Write out exactly, excluding pictures, the lines from the one containing "ADERIA(アデリア)Formes de nature" through the end of the data, both included.

**Given data:**
>>>>

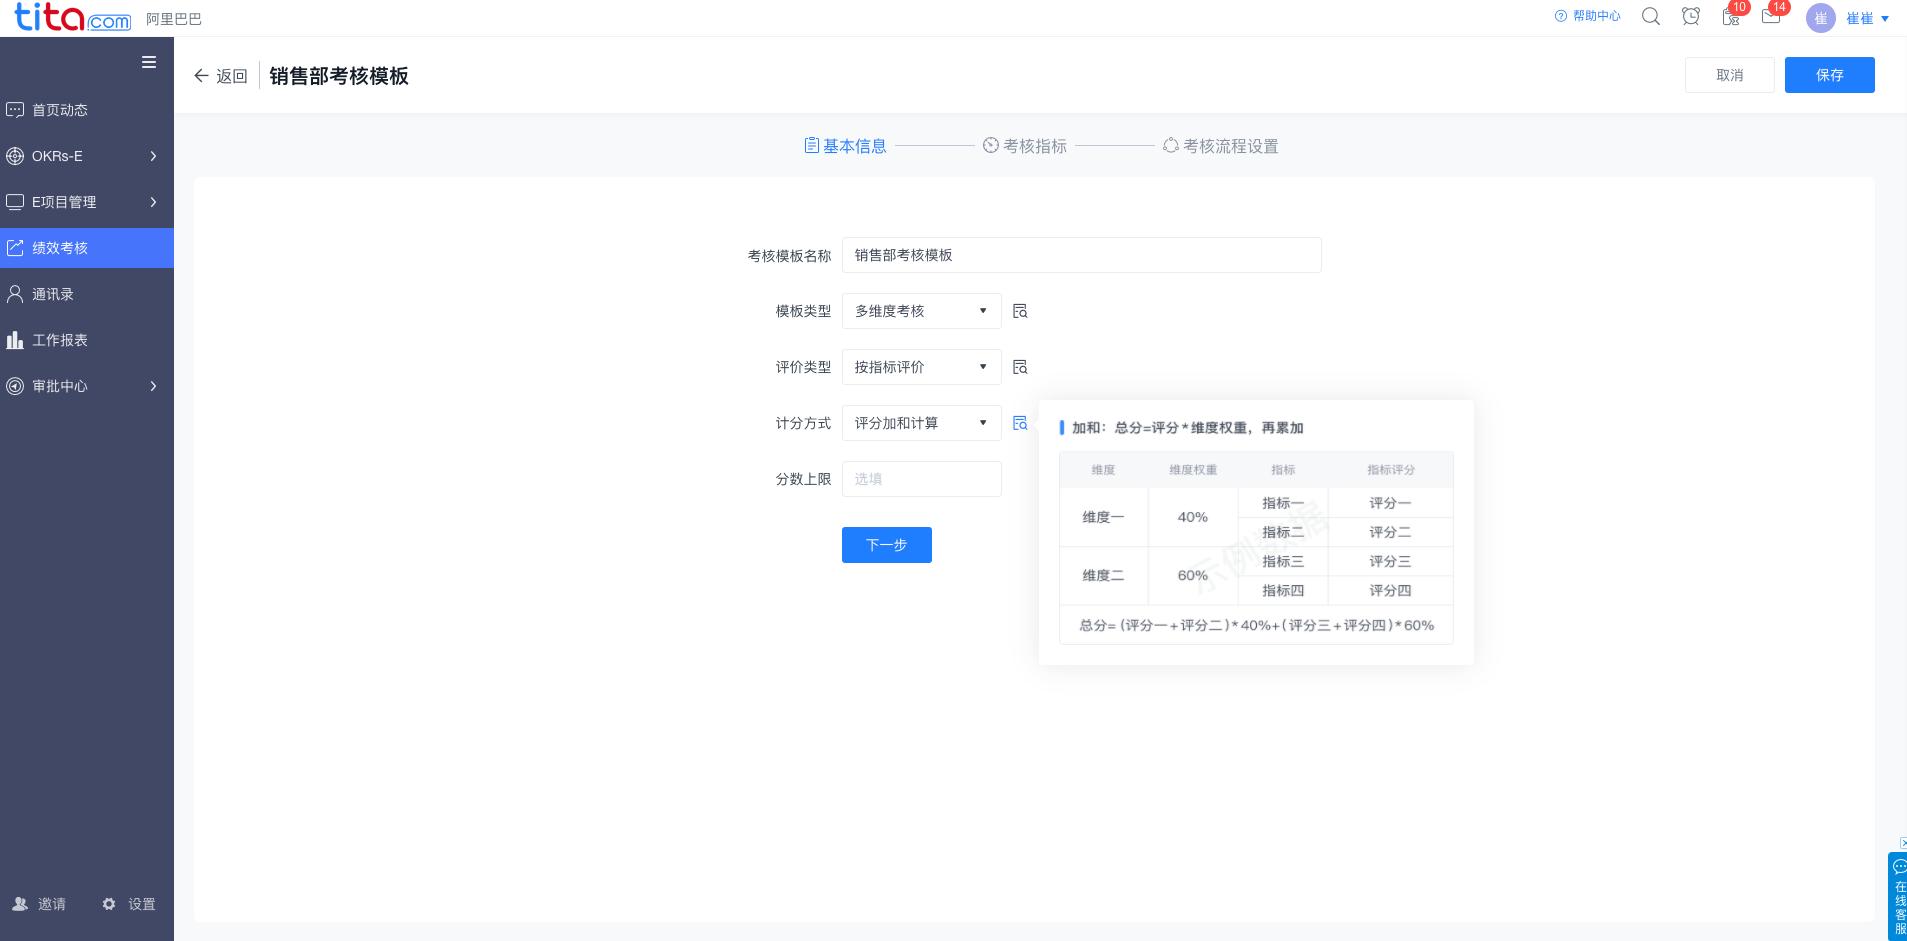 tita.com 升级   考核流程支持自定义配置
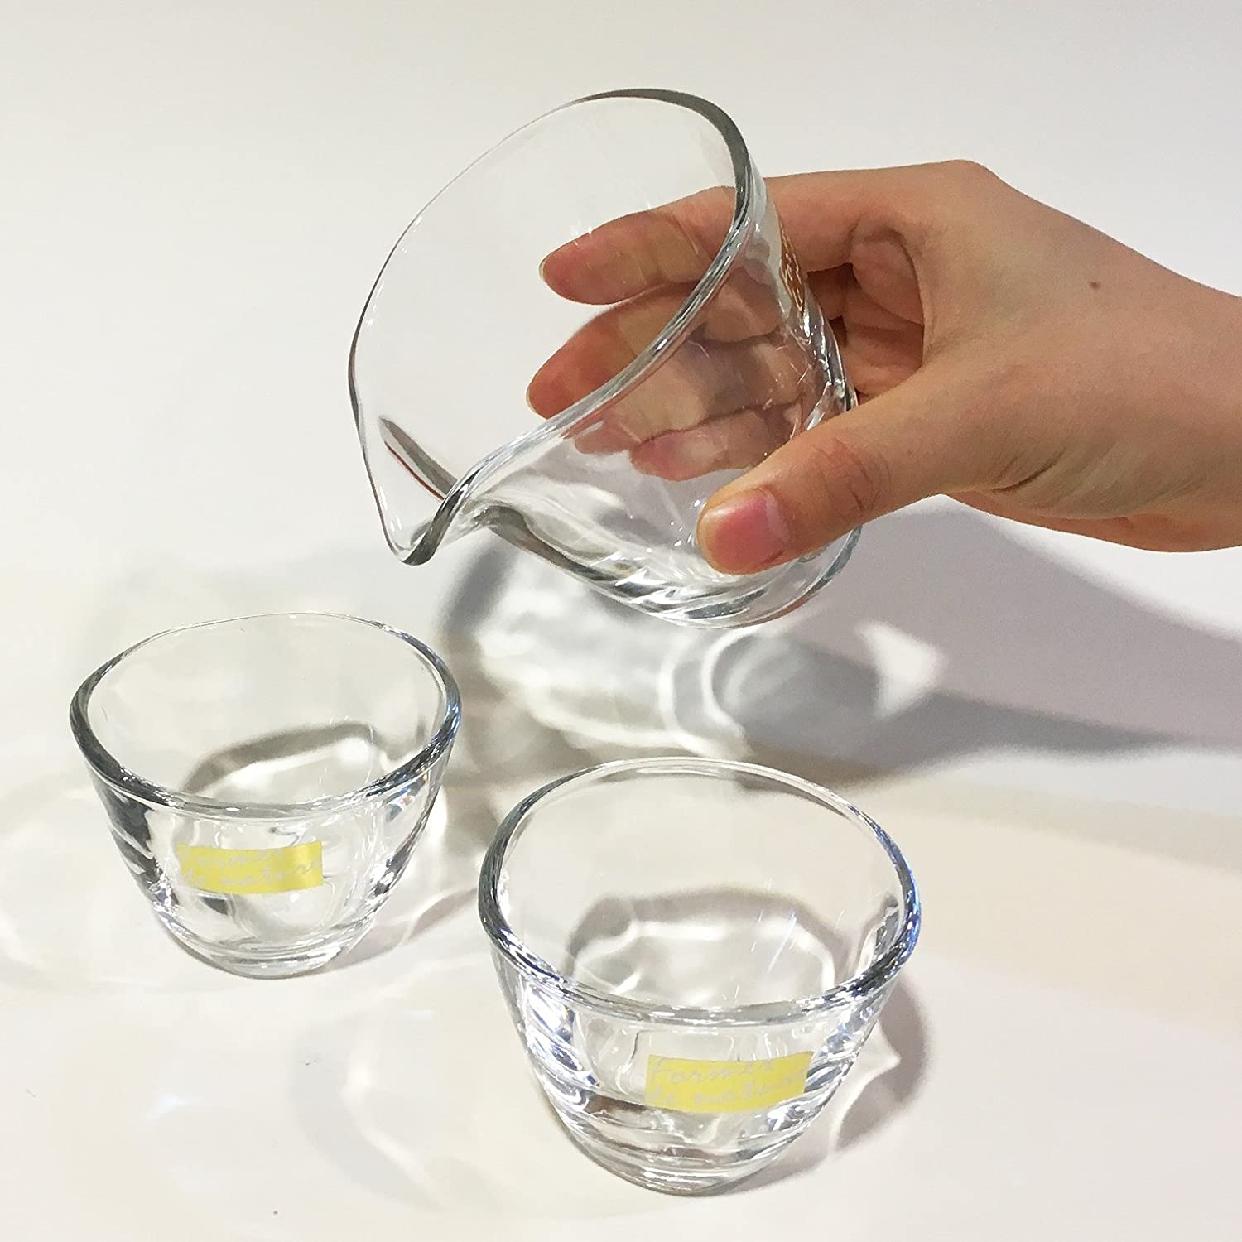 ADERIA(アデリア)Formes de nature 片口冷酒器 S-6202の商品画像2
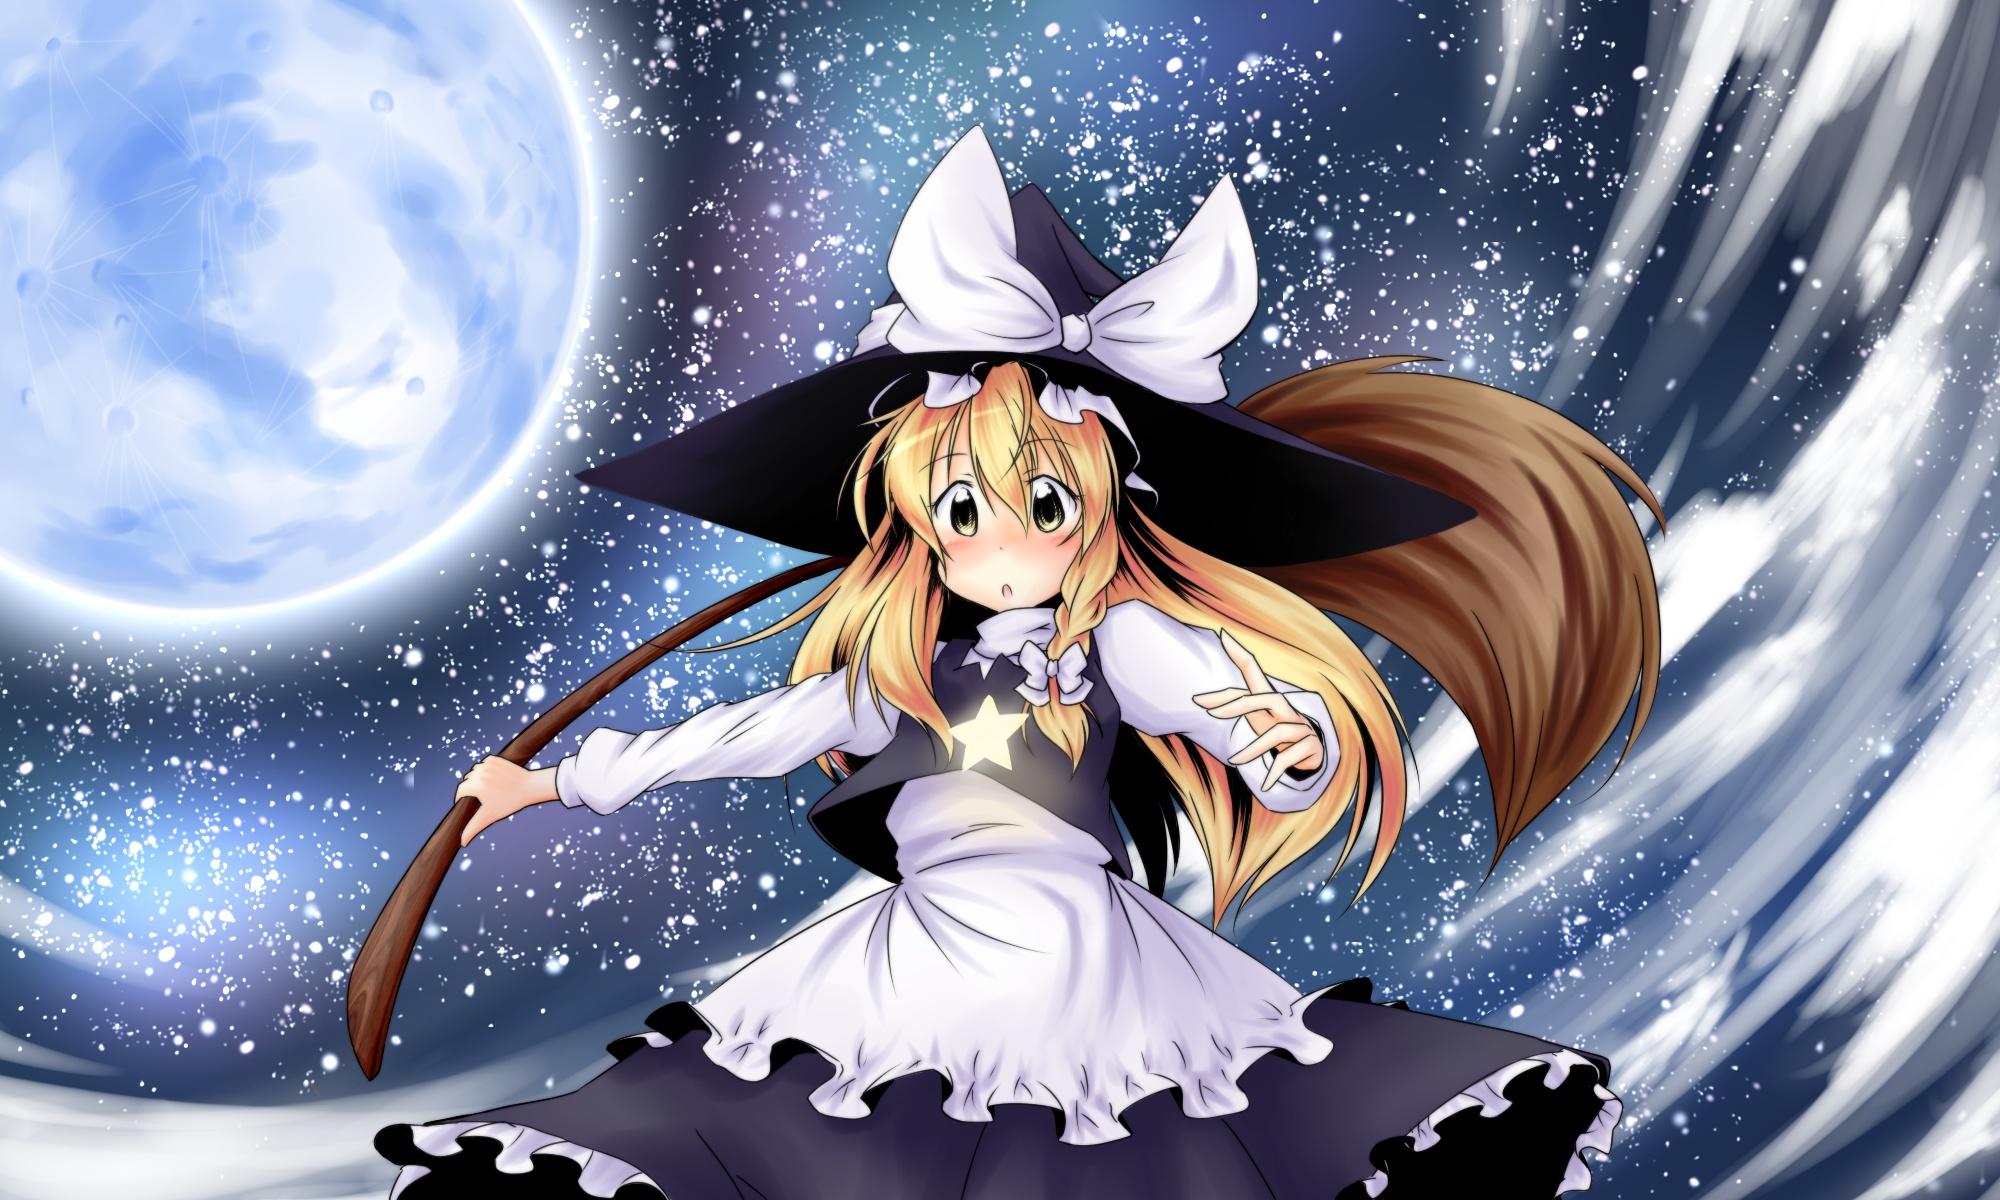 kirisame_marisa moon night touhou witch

<<<<

**Solution to this exercise:**
 ADERIA(アデリア)Formes de nature 片口冷酒器 S-6202の商品画像2
 kirisame_marisa moon night touhou witch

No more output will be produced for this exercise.